The instructor must become an observer when the class is divided into small groups. In this format one student in each group is assigned the facilitator role. This student helps to manage the conversation in the small group just as the instructor might do, including holding the group accountable for following the ground rules. Another student has the responsibility of summarizing and reporting out to the larger group on the main points brought out in the discussion. As observer, the instructor clarifies the discussion questions in the beginning, monitors the process and progress of each group, manages the reporting out, summarizes points across the groups, and draws out the implications of the discussion.
Involving students in the facilitation and management of discussions provides them with an opportunity to learn valuable communication skills, to begin to see the process that occurs in a group interaction, to assume more responsibility for their own learning. It also prepares students to operate more effectively in groups outside the classroom.
Active participation in a discussion includes speaking at appropriate times and listening carefully to understand what others are saying. Most students and teachers have had no formal training in these skills, so we suggest that this be provided either by the instructor or a colleague with more experience in this area. We suggest devoting class time to the introduction, demonstration, and practice of most or all of the following:
• paraphrasing and summarizing
• accepting divergent views
• keeping on track
• dealing with domination
• minimizing interruptions
• handling conflict
• enforcing the ground rules
How much time should be devoted to training? You may have a lot of material to cover, but consider your objectives. If you want to accomplish those objectives for which discussion is best suited, then it is worth the time. We disagree on how this should be done. Kramer two hours of training is time well spent. Learning these skills requires many examples and a reasonable amount of practice.
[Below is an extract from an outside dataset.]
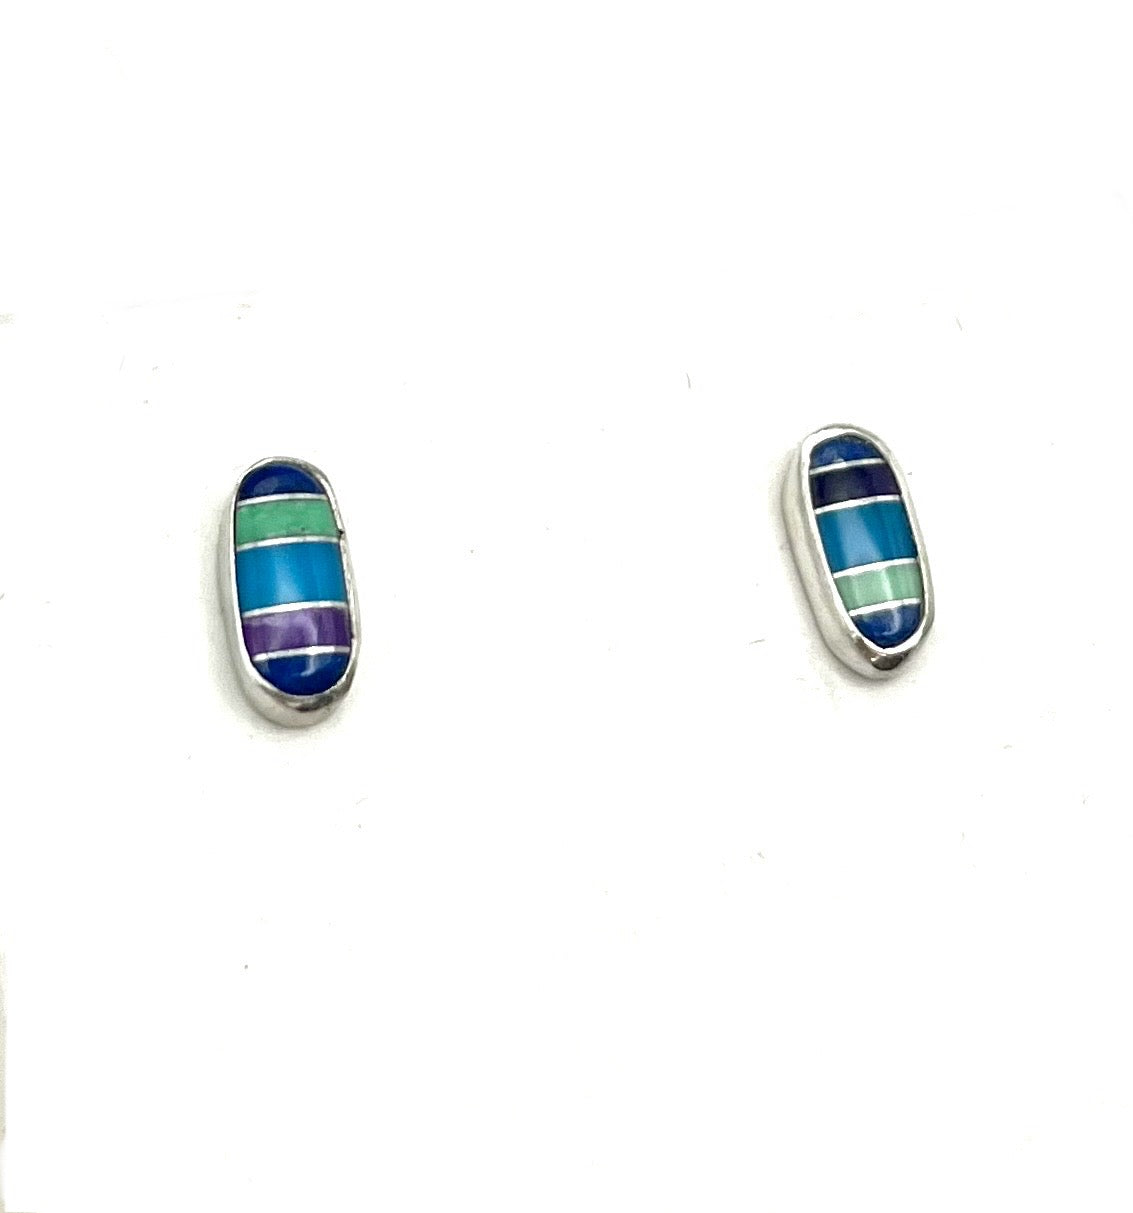 Inlay Earrings: Oval Studs

Korn thinks that in 45 minutes, an instructor can explain the reasons for discussions, what makes a good discussion, present the ground rules, show a video tape that illustrates the skills, and find a few volunteers who will model what has been learned. Feedback after later discussions will provide the advanced training. If even 45 minutes seems like too much, then discussions may not be that important for you and you shouldn’t mess up your lectures with all that noise from students.
Regardless of how much time one allocates to training in the beginning of a course, discussion skills require reinforcement. After each of the first two sessions review the discussion process, how students felt about it, and how it might be improved. Then make appropriate adjustments in the discussion format.
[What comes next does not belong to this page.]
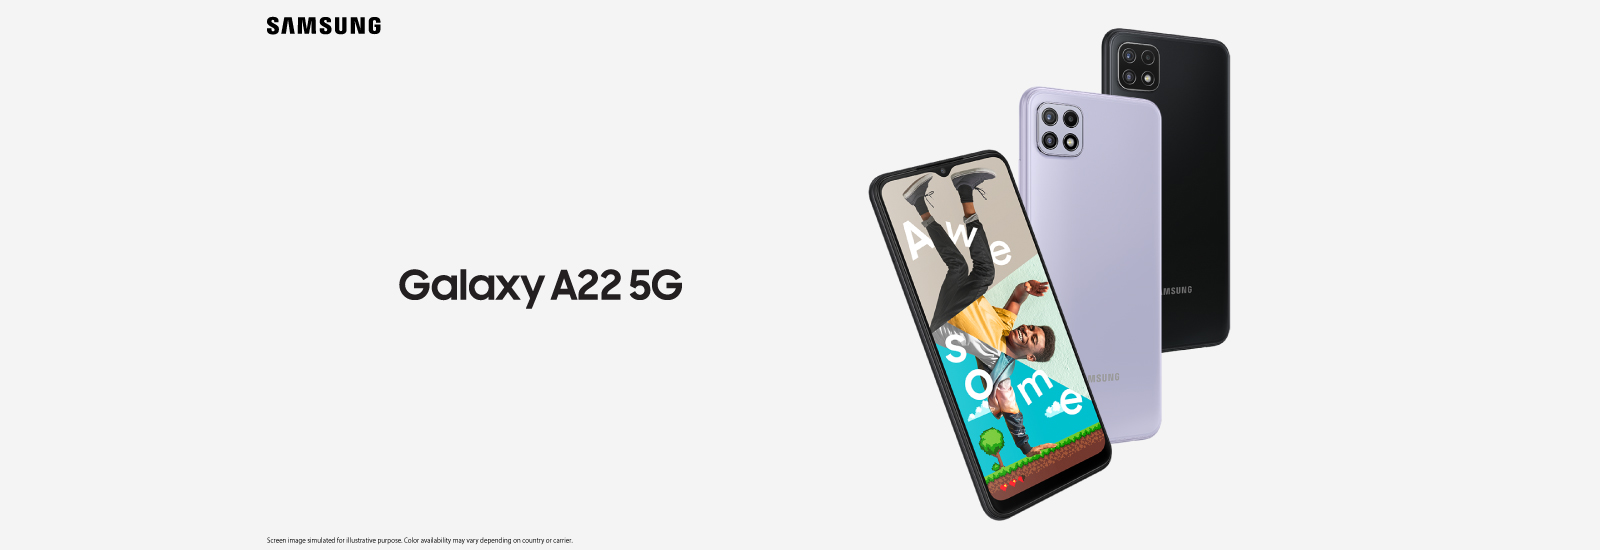 Samsung Galaxy A22 5G - $0 Handset price. Monthly fee $198 to enjoy Samsung Galaxy A22 5G (Suggested Retail Price $1,998)

It is impossible to guarantee the success of all class discussions, but we think this method is more likely to work if you know what your objectives are and establish ground rules for your class. Clarify your role as leader, facilitator, or observer, and then help students understand what is expected of them by providing training in discussion techniques. Finally, evaluate both the discussion ‘process (e.g., the extent to which the rules were followed) and the outcomes. One final bit of advice is to be patient and trust the process.
References and Further Reading:
Brown, G .. & Atkins, M. (1988). Effective teaching in higher education. London: Methuen.
Davis. B.J. (1993). Tools for teaching. San Francisco: Jossey-Bass.
Doyl, M., & Straus, D. (1983). How to make meetings work. New York: Jove.
Schwartz, R.M. (1994). The skilled facilitator. San Francisco: Jossey-Bass.